Records provided

::::::::

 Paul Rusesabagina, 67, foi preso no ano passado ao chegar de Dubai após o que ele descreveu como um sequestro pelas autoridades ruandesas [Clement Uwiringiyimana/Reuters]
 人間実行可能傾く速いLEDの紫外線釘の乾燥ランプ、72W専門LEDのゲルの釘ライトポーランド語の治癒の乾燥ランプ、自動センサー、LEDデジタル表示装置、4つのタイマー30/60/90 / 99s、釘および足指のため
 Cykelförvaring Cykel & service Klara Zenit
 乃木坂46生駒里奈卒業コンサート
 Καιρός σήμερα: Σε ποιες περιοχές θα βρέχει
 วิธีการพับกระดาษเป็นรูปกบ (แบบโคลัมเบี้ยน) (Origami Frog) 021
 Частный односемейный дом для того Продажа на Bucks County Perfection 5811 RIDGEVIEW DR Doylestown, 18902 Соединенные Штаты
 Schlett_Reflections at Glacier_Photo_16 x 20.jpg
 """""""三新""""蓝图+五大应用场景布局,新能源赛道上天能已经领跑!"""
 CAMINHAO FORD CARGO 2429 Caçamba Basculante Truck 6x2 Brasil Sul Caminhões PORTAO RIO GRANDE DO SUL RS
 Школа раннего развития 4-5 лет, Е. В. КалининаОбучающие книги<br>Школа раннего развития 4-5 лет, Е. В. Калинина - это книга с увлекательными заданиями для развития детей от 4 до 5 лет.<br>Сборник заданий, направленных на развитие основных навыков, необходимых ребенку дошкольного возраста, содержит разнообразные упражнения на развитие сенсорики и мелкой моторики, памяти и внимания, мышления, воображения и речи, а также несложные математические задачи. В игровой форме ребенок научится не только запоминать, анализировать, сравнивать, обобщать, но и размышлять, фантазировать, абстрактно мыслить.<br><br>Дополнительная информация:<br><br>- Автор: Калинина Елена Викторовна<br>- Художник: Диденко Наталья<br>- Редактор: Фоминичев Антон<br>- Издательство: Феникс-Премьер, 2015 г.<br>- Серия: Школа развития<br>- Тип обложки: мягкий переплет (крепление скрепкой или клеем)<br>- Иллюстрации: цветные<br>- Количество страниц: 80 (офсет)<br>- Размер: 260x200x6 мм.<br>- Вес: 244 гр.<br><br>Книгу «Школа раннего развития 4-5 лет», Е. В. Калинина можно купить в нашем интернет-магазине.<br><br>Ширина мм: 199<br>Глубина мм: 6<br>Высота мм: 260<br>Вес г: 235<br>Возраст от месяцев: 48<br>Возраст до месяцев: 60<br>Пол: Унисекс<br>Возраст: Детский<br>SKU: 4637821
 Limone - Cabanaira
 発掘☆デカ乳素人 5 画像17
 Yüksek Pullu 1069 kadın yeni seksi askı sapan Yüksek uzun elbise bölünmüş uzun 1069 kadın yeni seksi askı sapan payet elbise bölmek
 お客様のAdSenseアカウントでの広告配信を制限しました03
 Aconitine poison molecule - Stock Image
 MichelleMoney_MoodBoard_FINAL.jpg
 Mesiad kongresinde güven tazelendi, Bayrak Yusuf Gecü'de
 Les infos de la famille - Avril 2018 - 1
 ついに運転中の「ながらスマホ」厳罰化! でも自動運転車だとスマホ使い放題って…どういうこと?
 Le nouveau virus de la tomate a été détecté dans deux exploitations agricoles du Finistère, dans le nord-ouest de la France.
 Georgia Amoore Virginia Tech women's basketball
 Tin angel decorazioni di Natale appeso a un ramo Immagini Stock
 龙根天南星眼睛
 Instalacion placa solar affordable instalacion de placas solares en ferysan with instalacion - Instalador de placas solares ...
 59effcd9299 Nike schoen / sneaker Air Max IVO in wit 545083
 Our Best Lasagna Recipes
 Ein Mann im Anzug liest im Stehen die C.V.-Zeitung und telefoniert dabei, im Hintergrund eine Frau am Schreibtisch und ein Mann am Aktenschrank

::::::::

What to do
The answer must consist of the lines from the one with "Les infos de la famille - Avril 2018 - 1" through the final line of the entries above, exactly as they are, and nothing else.

Written response
 Les infos de la famille - Avril 2018 - 1
 ついに運転中の「ながらスマホ」厳罰化! でも自動運転車だとスマホ使い放題って…どういうこと?
 Le nouveau virus de la tomate a été détecté dans deux exploitations agricoles du Finistère, dans le nord-ouest de la France.
 Georgia Amoore Virginia Tech women's basketball
 Tin angel decorazioni di Natale appeso a un ramo Immagini Stock
 龙根天南星眼睛
 Instalacion placa solar affordable instalacion de placas solares en ferysan with instalacion - Instalador de placas solares ...
 59effcd9299 Nike schoen / sneaker Air Max IVO in wit 545083
 Our Best Lasagna Recipes
 Ein Mann im Anzug liest im Stehen die C.V.-Zeitung und telefoniert dabei, im Hintergrund eine Frau am Schreibtisch und ein Mann am Aktenschrank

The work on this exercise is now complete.